This is a set of tutorials for the CMS Data Analysis School (CMSDAS) Statistics Short Exercise that are implemented in Jupyter notebooks. The tutorials provide a concise introduction to key ideas in statistics and a few of the statistical analysis tools commonly used in high-energy physics.

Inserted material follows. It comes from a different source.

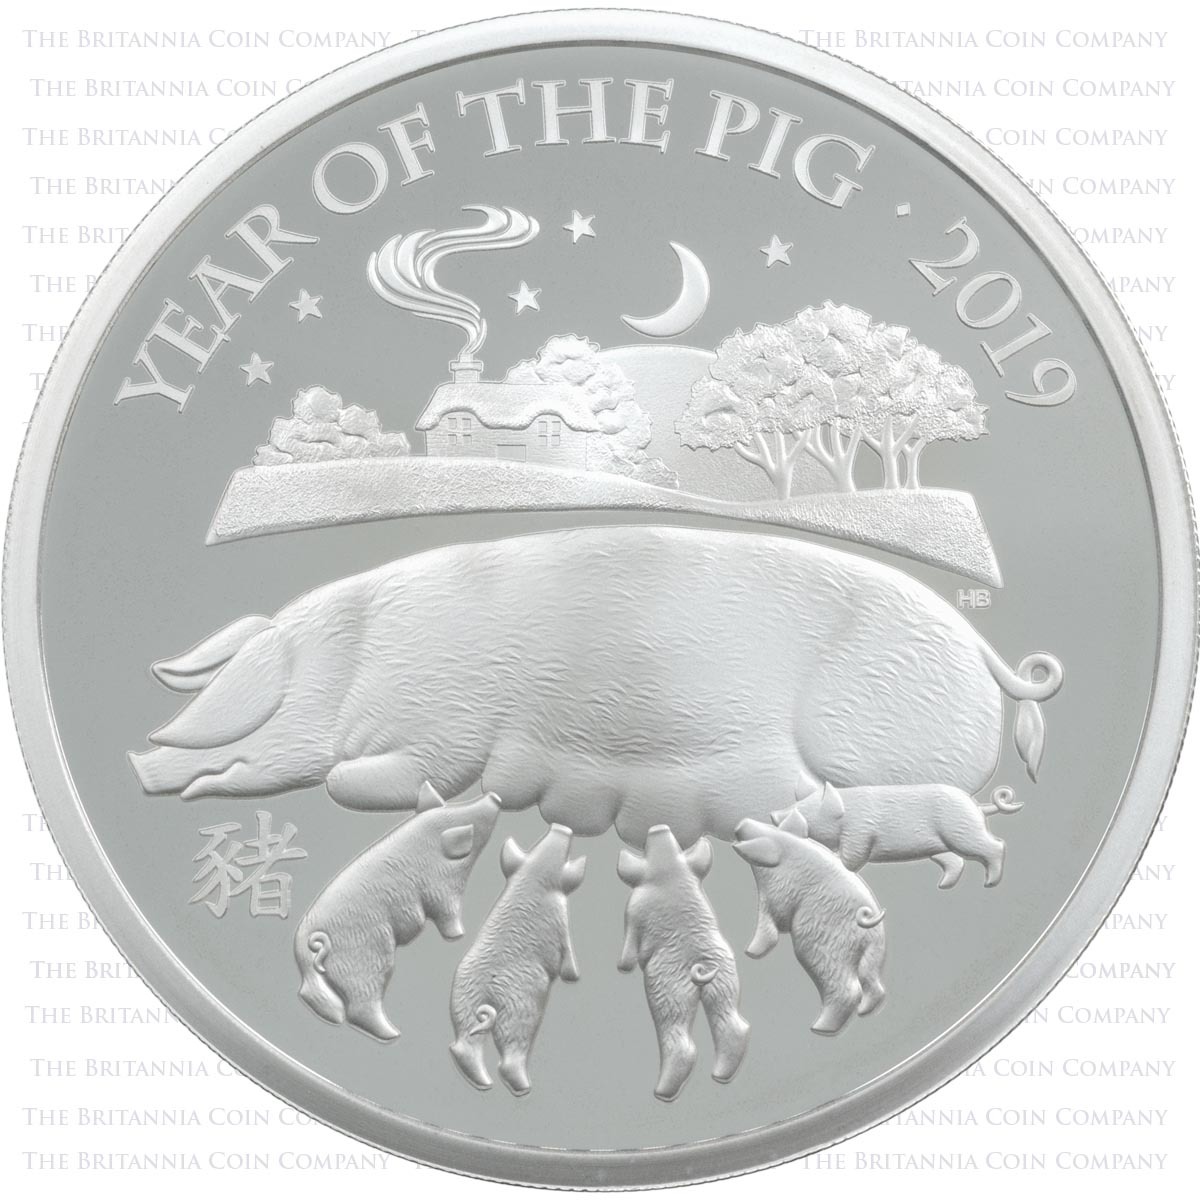 UKP19SP 2019 Lunar Year Of The Pig One Ounce Silver Proof Coin Reverse

| notebooks | description |
|---|---|
0/exercise_0.ipynb |
a very short PyROOT/RooFit tutorial |
1/exercise_1a.ipynb |
analyzing a single count using RooFit/RooStats |
1/exercise_1b.ipynb |
analyzing a single count using RooFit/RooStats |
2/exercise_2.ipynb |
analyzing three counts using RooFit/RooStats |
3/exercise_3a.ipynb |
analyzing three counts using combine |
3/exercise_3b.ipynb |
a realistic counting experiment using combine |
3/exercise_3c.ipynb |
systematic uncertainties for data-driven background estimates using combine |
4/exercise_4.ipynb |
binned fit to Run I H->gg data (optional) |
5/exercise_5.ipynb |
unbinned fit to Type Ia supernovae distance modulus/red shift data (optional) |
6/exercise_6.ipynb |
histogram template analysis using combine |
-
Go to https://coffea.casa and log in with your CMS credentials.
-
Start a new server with the image named
Combine / Python 3.10 / ROOT 6.26.4. -
In the terminal window, download the tutorials by typing:
git clone https://github.com/FNALLPC/statistics-das.git
Make sure to use https and NOT ssh on
coffea.casa. -
Initialize the environment:
conda init source /home/cms-jovyan/.bashrc -
To open a notebook, e.g.
statistics-das/0/exercise_0.ipynb, simply click on the file. -
When using
combineortext2workspace.pyyou may encounter "command not found" error. If so, open a terminal and update the following environment variables:export PATH=$PATH:/tmp/HiggsAnalysis/CombinedLimit/build/bin/ export LD\_LIBRARY\_PATH=$LD\_LIBRARY\_PATH:/tmp/HiggsAnalysis/CombinedLimit/build/lib/ export PYTHONPATH=/tmp/HiggsAnalysis/CombinedLimit/build/lib/python -
Have a coffee.
Jupyter notebooks are structured into cells. It is recommended that you execute the notebooks one cell at a time to ensure that each cell works as expected. And, yes, cells should be executed sequentially! Of course, if you're careful, you can go back and re-execute cells. But remember jupyter notebooks are ``sticky'' in that the notebook pays attention to the order in which cells have been executed. This can lead to confusion. If things get really messed up, it's usually better to re-launch the jupyter kernel and start again from scratch.
- Use esc r to disable a cell
- Use esc y to reactivate it
- Use esc m to go to markdown mode. Markdown is the typesetting language used in jupyter notebooks. In a markdown cell, double tap the mouse or glide pad (on your laptop) to go to edit mode.
- Shift + return to execute a cell (including markdown cells).
- If the equations don't typeset, try double tapping the cell again, and re-execute it.